We bought my mother-in-law a Kindle e-reader, and she has thoroughly enjoyed the convenience of the device. Being disabled, she is an ideal candidate for such technology, and I'm very glad that it is available to her. But contrast that to a woman in line ahead of me at the grocery store recently. Her tweenage son was annoyed because the battery in his iPhone was dead. The lady handed him her e-reader (a nice Nook, I think), and suggested he find something to read. To this helpful gesture he rudely replied that he didn't feel like using "that big pile of junk." Dealing with her son in distracted-parent mode, she ignored his mouth/attitude/ingratitude and offered her iPhone to placate the poor, neglected child (I named him Damien.)
I don't know where I'm going with this line of thinking, but for some reason these scenarios seem connected and the outcome concerns me. How can someone not like books?

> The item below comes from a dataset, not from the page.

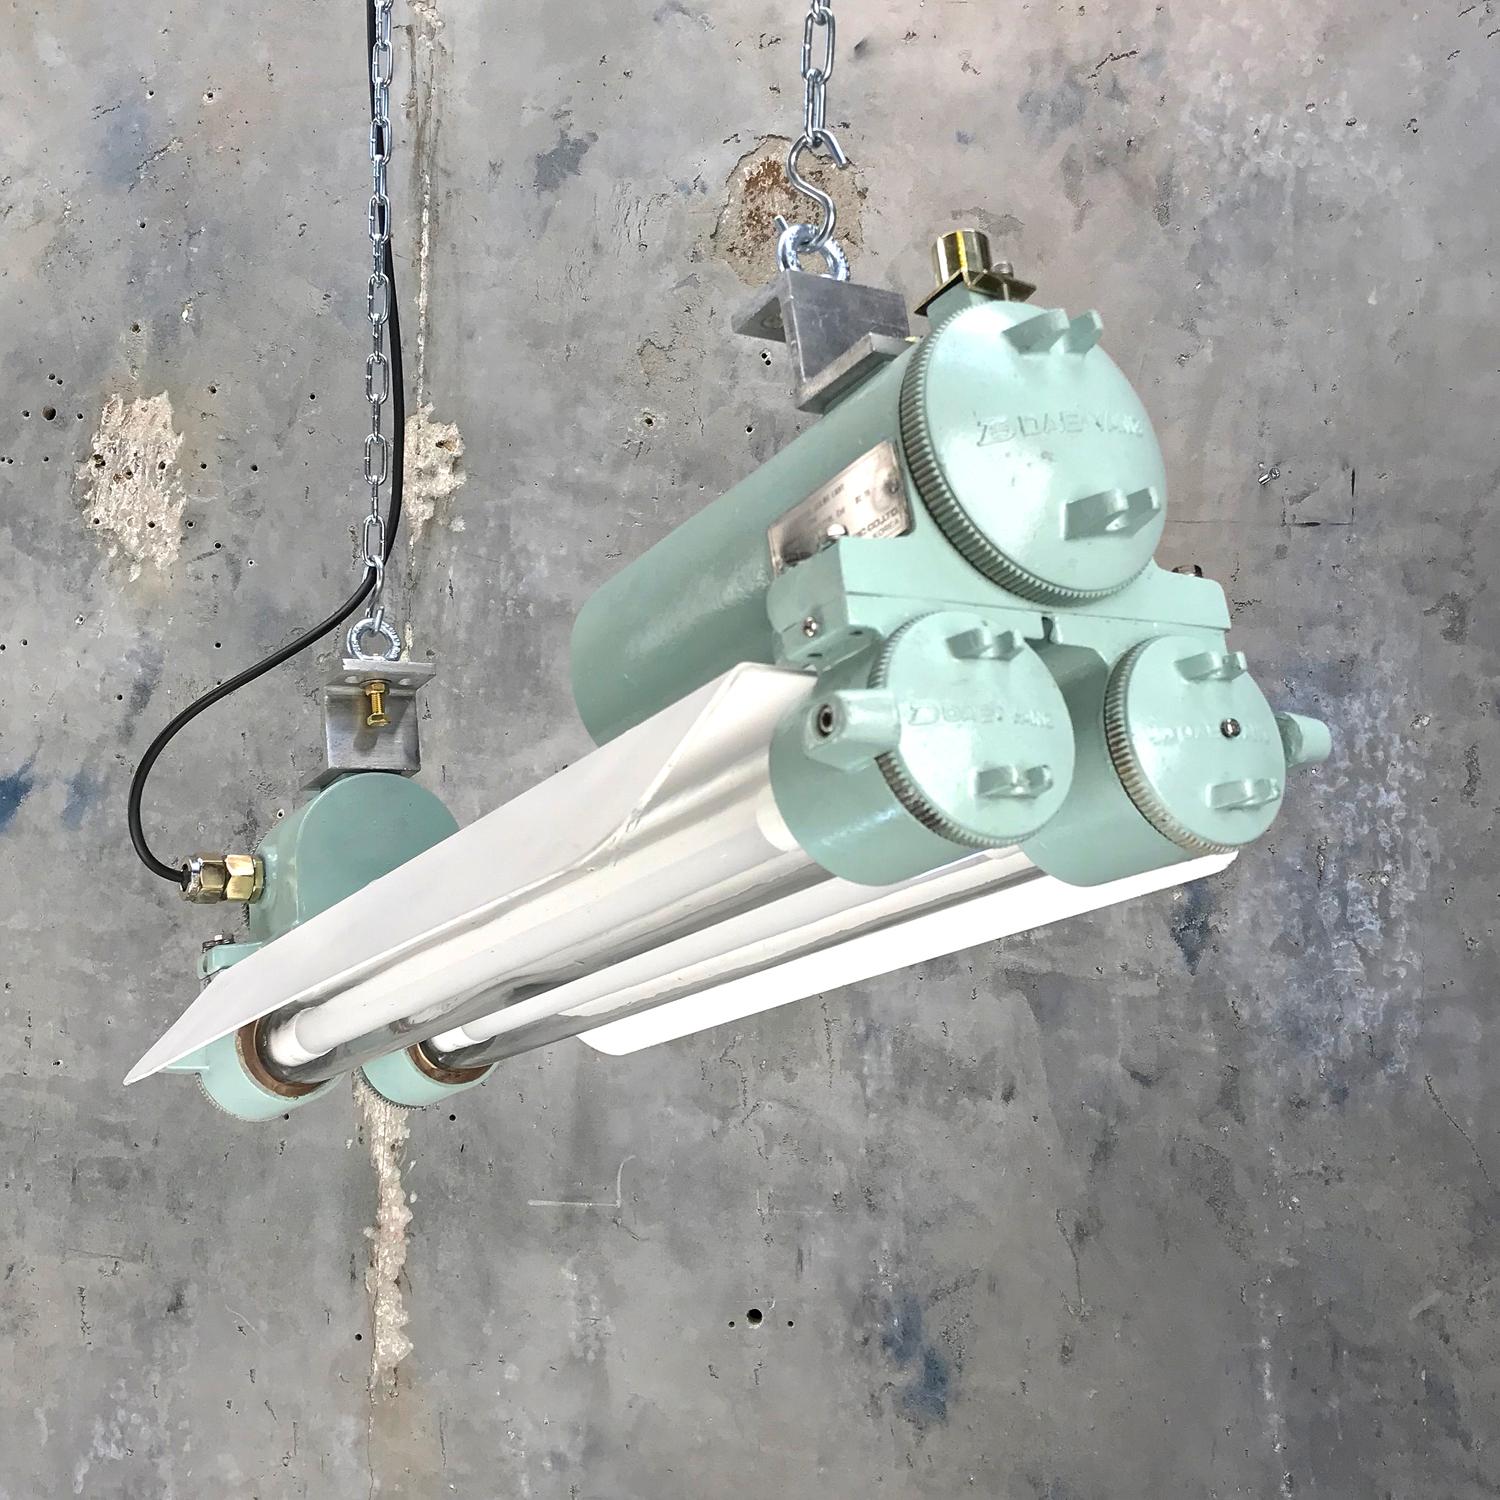 A reclaimed retro industrial Korean flameproof strip light made by Daeyang in 1970's finished in original marine colours very similar to duck egg.
 
Originally salvaged from super tankers, cargo ships and military vessels.  Professionally restored

How can an author put his heart and soul into a project, get it published, and then see it gather dust? How can it be that the neighborhood book store has gone the way of the neighborhood soda shop or greengrocer or shoe store - a place for people to visit for the purpose of buying something tangible from a human who speaks and smiles to you, and knows something about the product you seek?
I suppose this melancholy is the reason I've been unwilling to publish any of my raves lately. These thoughts aren't funny. But to hold back my words unless I can be sure of causing a grin is not healthy for me - as a person or a writer. So I'm going to post some of these less-than-cheerful essays over the coming days, and I hope I don't turn anyone away with my "Debbie Downer" routine.
Yes, I'm an optimist. That hasn't changed. And I lead a blessed, mostly easy existence, for which I'm very grateful. But I'm in a mood, and I can no longer pretend that bothersome trends don't bother me. They do concern me, and I want to work through some of those concerns here.
So my future ravings may be less funny, less slapstick, less day-in-the-life silliness, but I promise I'll keep it polite.